There are other concerns as well. Some languages simply may not have enough data to build good training models. And algorithms may not be able to differentiate between nuances like dialects, effectively flattening translations.
For streaming services like Netflix, part of the difficulty of translating subtitles for shows and movies is the physical constraints of time and space on the screen — sometimes translations are too long to fit on screen or be read quickly enough. In those cases, humans are needed to make the hard decisions about what to cut so the subtitles are still enjoyable.
The Biggest Obstacle for Machine Translation Is Context
Another big hurdle for machine translations is the problem of context. While there is plenty of data for deep learning to train on, such as content on Wikipedia, books or academic articles, it can be hard for algorithms to learn from the language differences between those mediums.
“It’s just completely different the way I write an academic article from the way I write a tweet, and that all gets collapsed into one set of data,” Taboada said.
Untangling that still requires work on behalf of humans. Taboada specializes in sentiment analysis, a field within natural language processing that analyzes the emotions behind sentences and phrases.
While machine translation has come a long way, it still struggles with detecting subtle positive and negative emotions. Deep learning algorithms are quite capable of translating texts like user manuals, which don’t usually contain emotional phrases or require a lot of cultural context to understand, Taboada said. And they are also capable of doing a decent job at content moderation, enabling companies to scale up their content moderation and automatically find inappropriate comments.
But algorithms are still not very reliable at these tasks when they require a great deal of nuance. A 2016 study examined the words and phrases used by both racist and anti-racist online communities and found many linguistic similarities. Those similarities make it difficult to accurately detect hate speech because it’s easy to accidentally block anti-racist comments.
“I would never have a call between [President Joe] Biden and [Russian President Vladimir] Putin be translated automatically.”
“Moderating hate speech is really difficult because the words overlap,” Taboada said. “So you need to know more about the context and the way in which they’re used to to understand whether that’s something that needs to be deleted or not.”

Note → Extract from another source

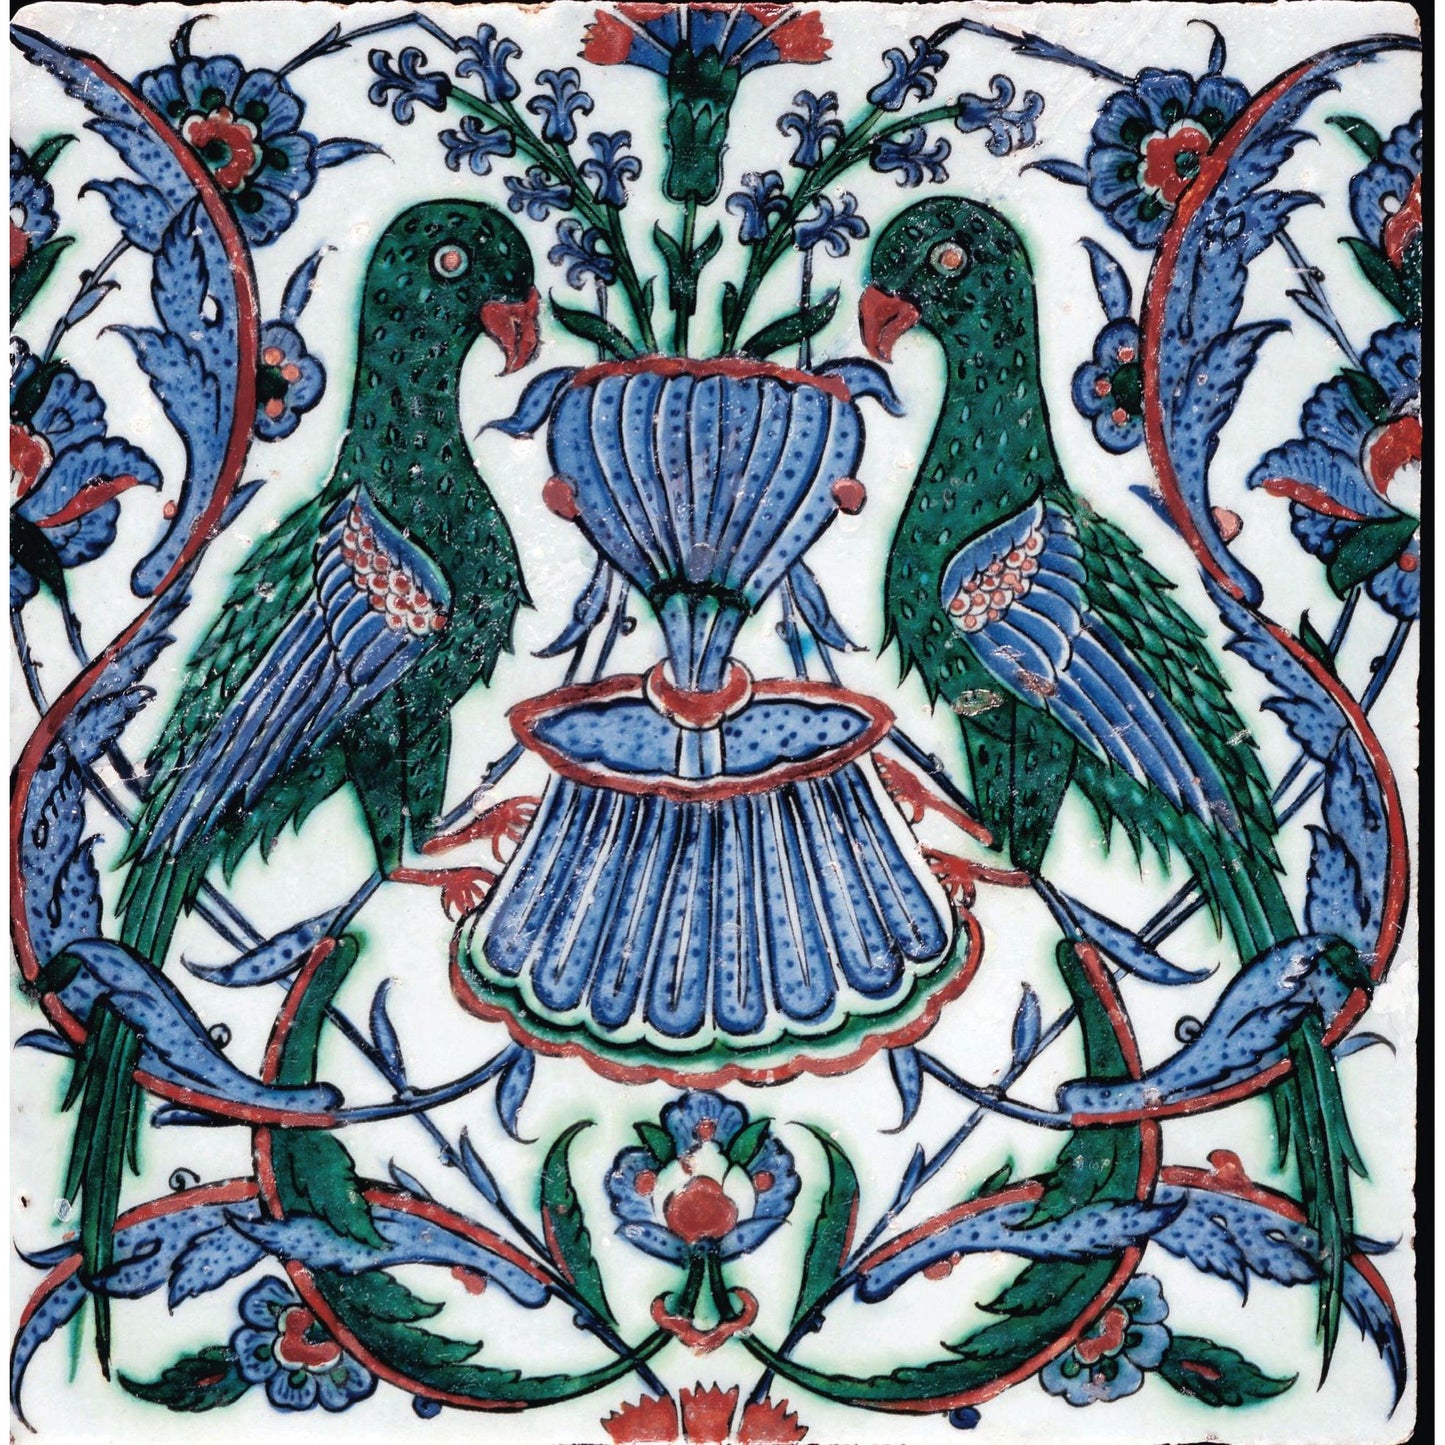 Square greeting card - tile with green parrots flanking a blue fountain. Floral motifs around in blue, green, and red highlights. From the collection of The Fitzwilliam Museum, brought to you by CuratingCambridge.com

When it comes to sensitive issues and situations where nuance is important, like legal contracts or political matters, machine translation is not an appropriate application.
“I would never have a call between [President Joe] Biden and [Russian President Vladimir] Putin be translated automatically,” she said.
Would machine translation ever be accurate and dependable enough for translating sensitive conversations, if deep learning models had unlimited data for their translation models to train on?
“I don’t think so,” Taboada said. “With a complex problem like machine translation, right now, I don’t see how it’ll ever be good enough that I can click a button, walk away and assume that the translation is going to be great and I don’t need to do anything about it.